● **Exercise aim**
Leaving out all pictures, copy the lines below exactly, from the line with "Máy xay thịt" to the last line, both ends included.

● **Recorded information**
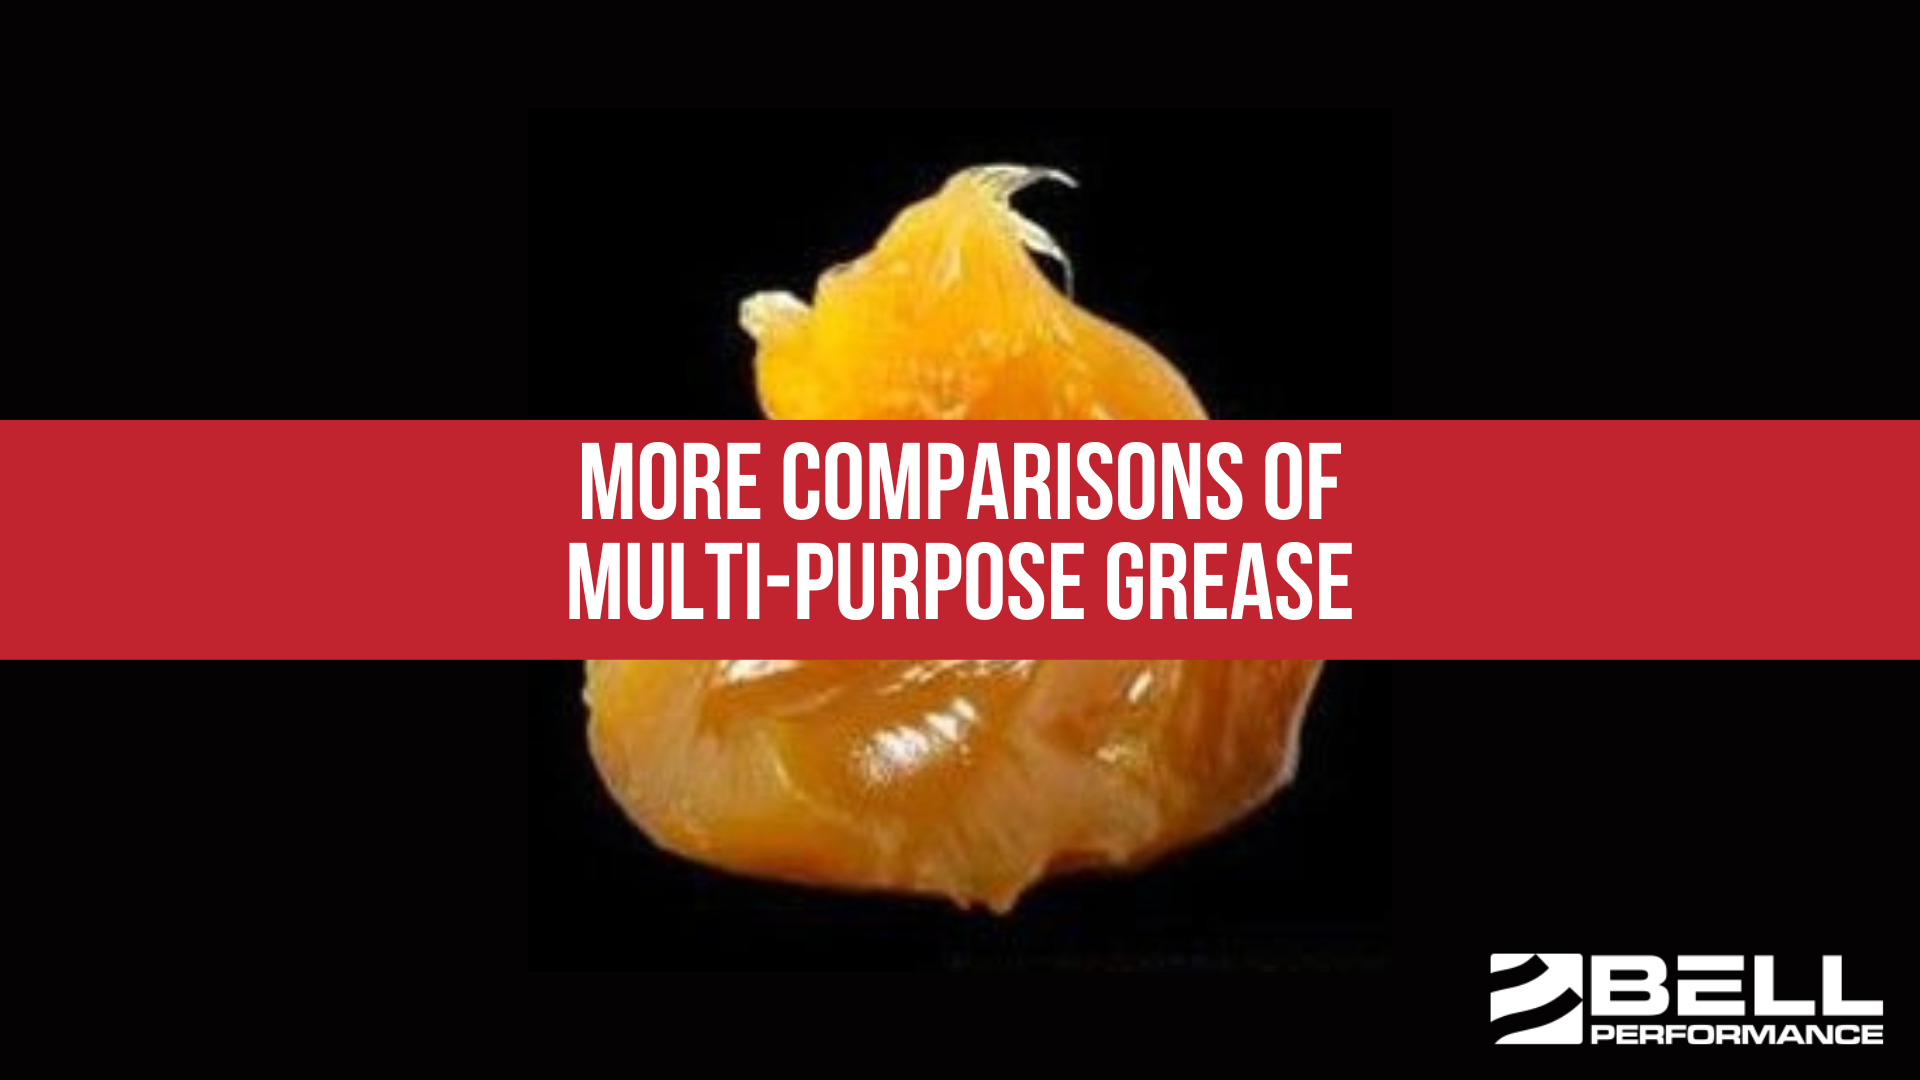 More Comparisons of Multi-Purpose Grease
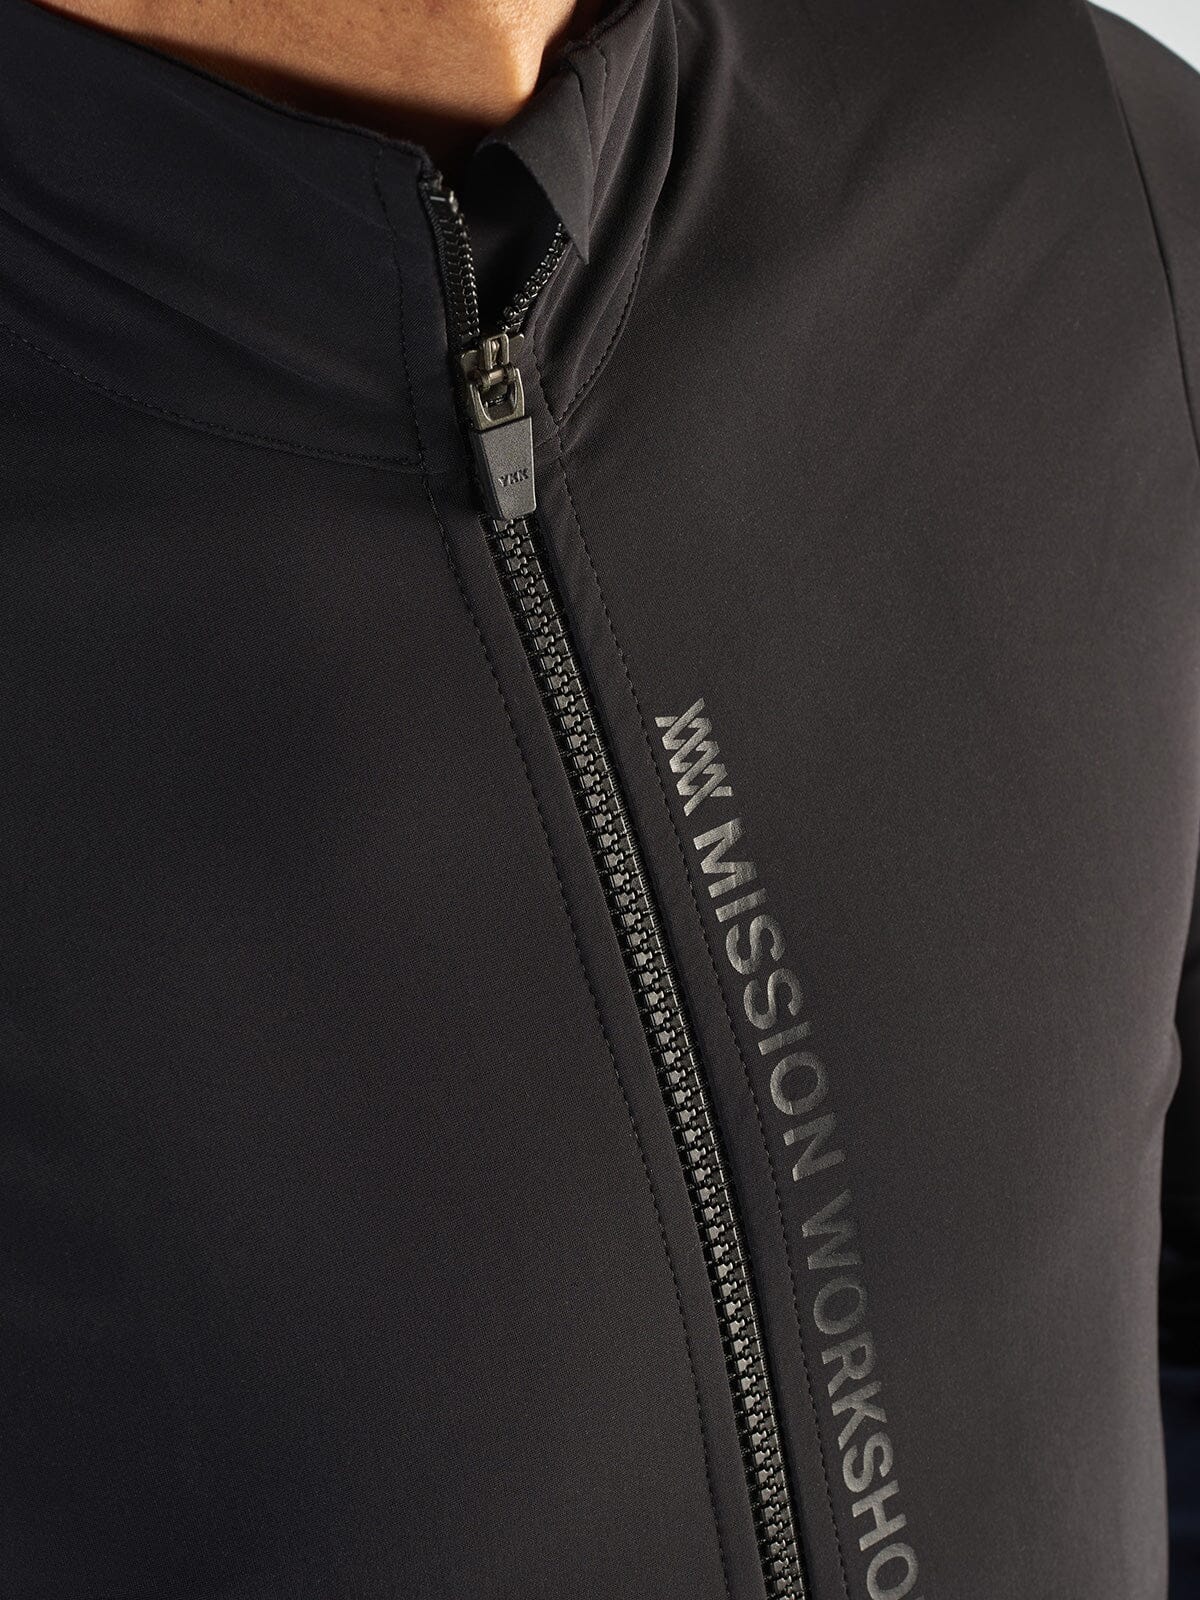 Range Jacket Men's by Mission Workshop - Vädertåliga väskor och tekniska kläder - San Francisco och Los Angeles - Byggda för att tåla - Garanterade för alltid
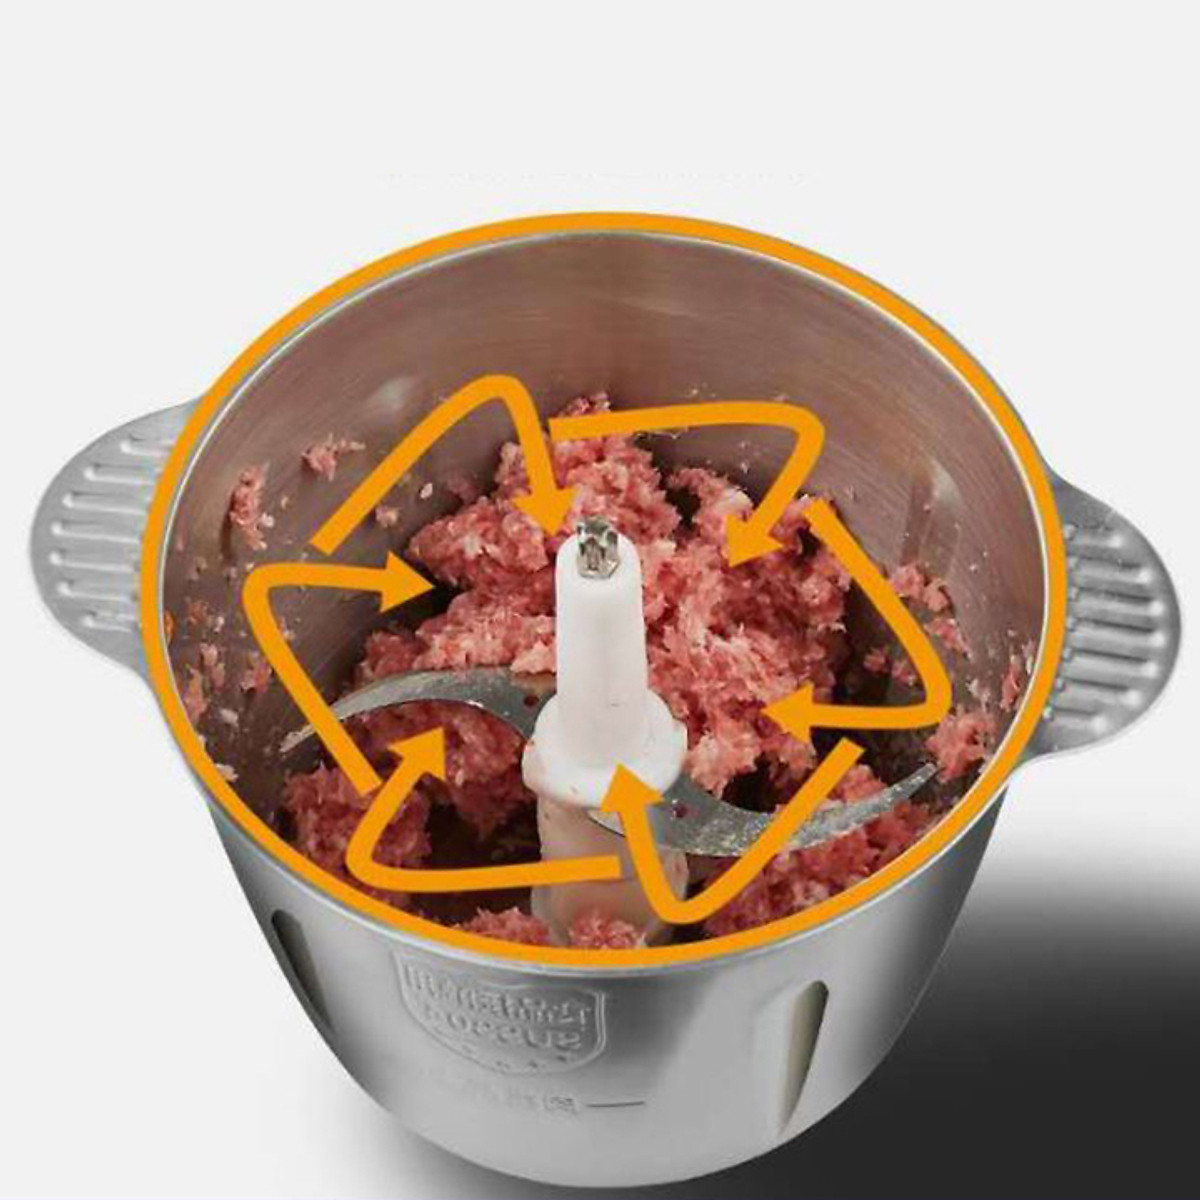 Máy xay thịt cối inox dung tích 2L , máy xay đa năng 4 lưỡi có thể dùng xay hành tỏi, xay tiêu hoặc các loại thực phẩm khác
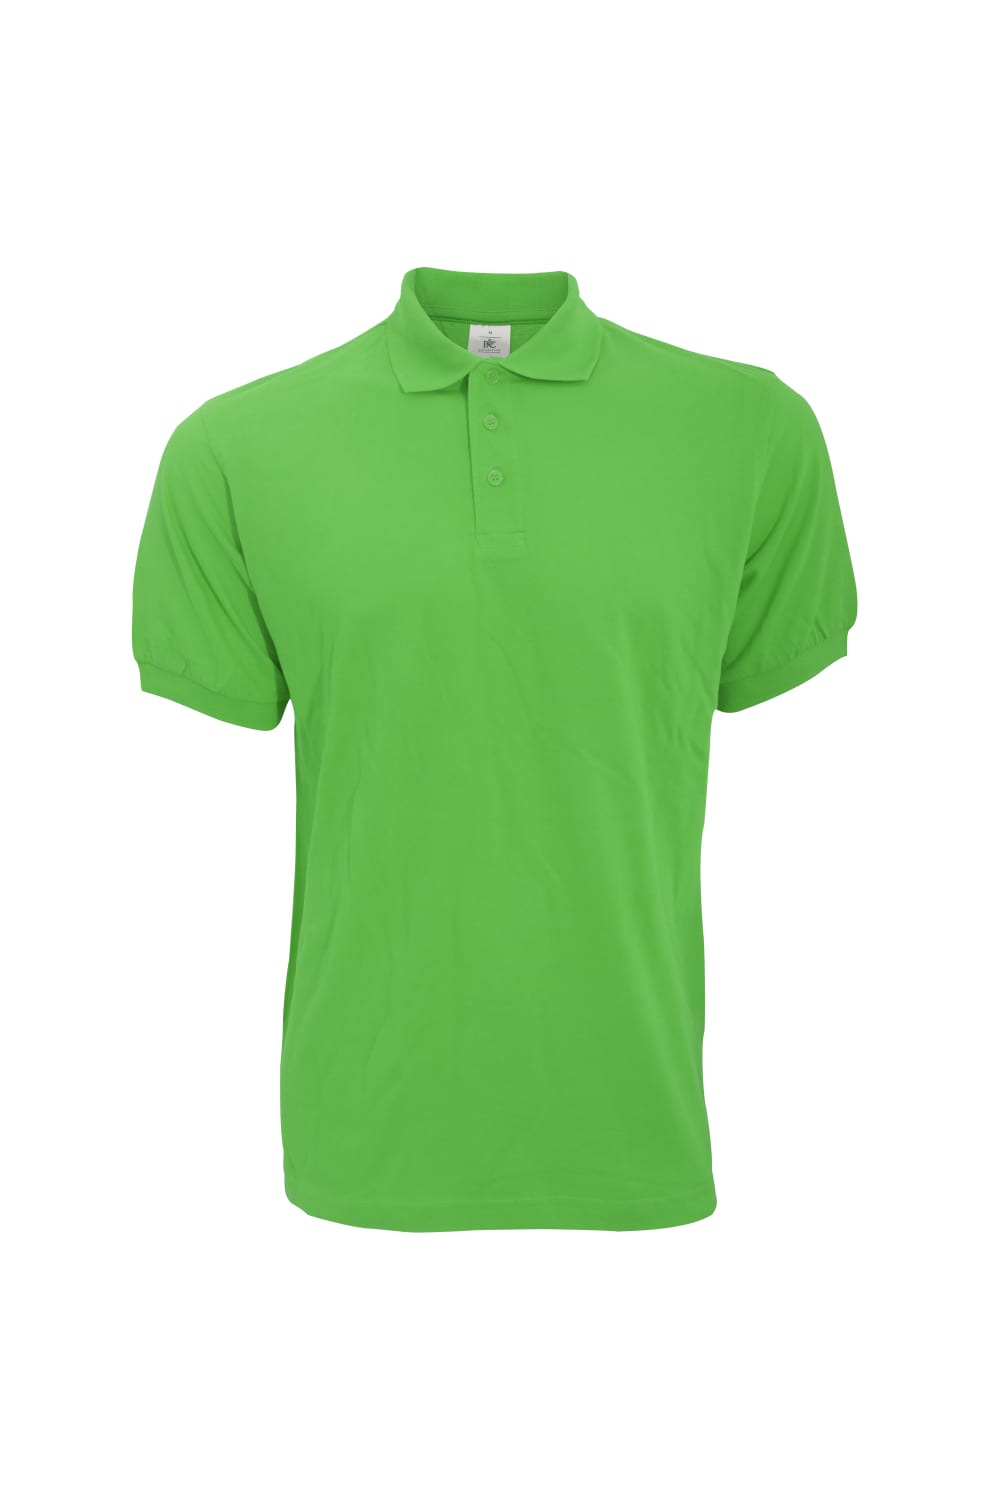 B&C Safran Mens Polo Shirt / Mens Short Sleeve Polo Shirts (Real Green)
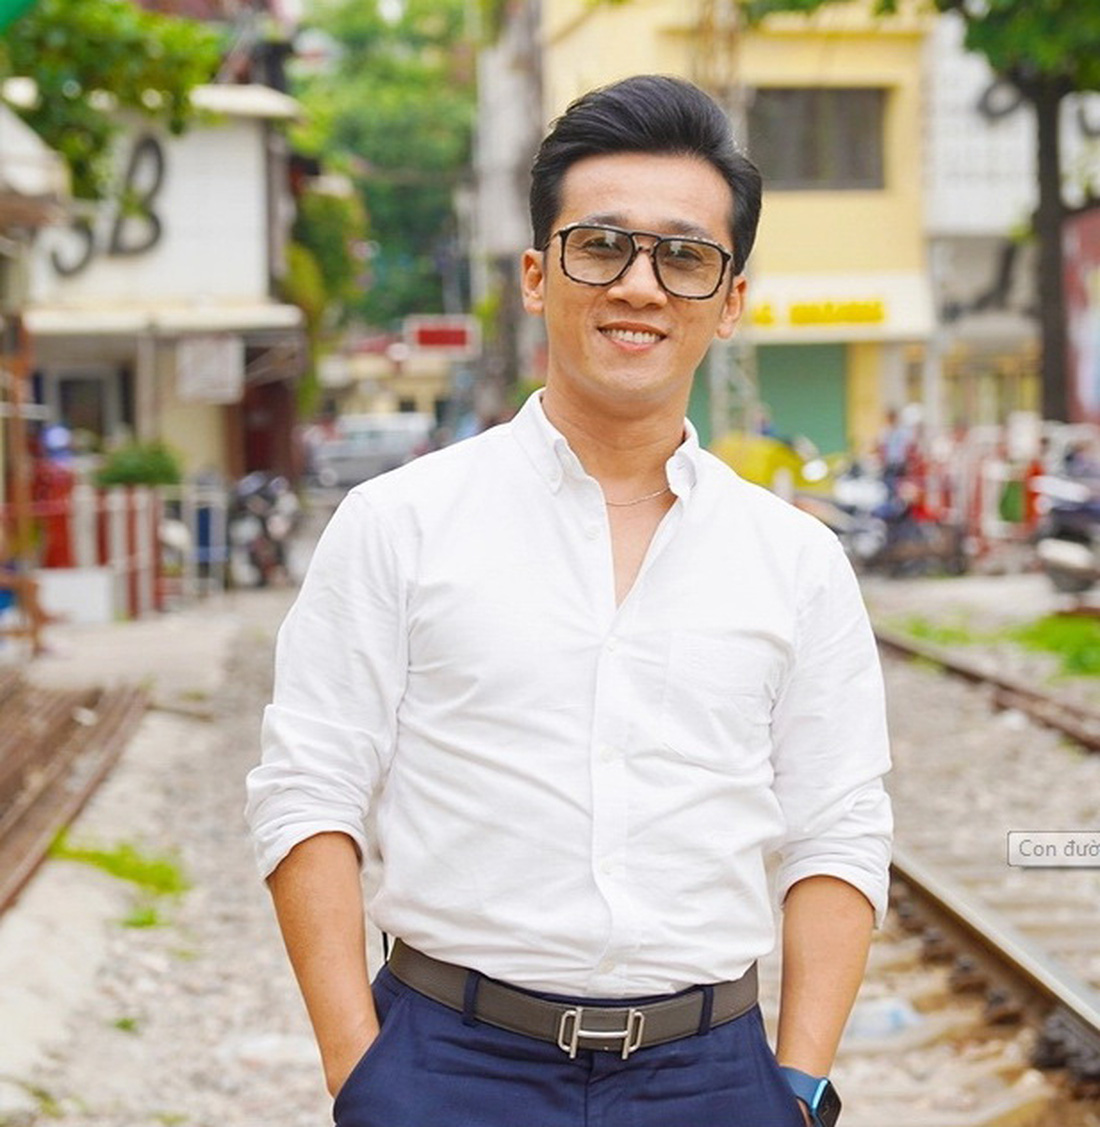 Ca sĩ Quang Hào là nhân vật chính trong Con đường âm nhạc - Ảnh: VTV

● **Answer to this task**
 Máy xay thịt cối inox dung tích 2L , máy xay đa năng 4 lưỡi có thể dùng xay hành tỏi, xay tiêu hoặc các loại thực phẩm khác
 B&C Safran Mens Polo Shirt / Mens Short Sleeve Polo Shirts (Real Green)
 Ca sĩ Quang Hào là nhân vật chính trong Con đường âm nhạc - Ảnh: VTV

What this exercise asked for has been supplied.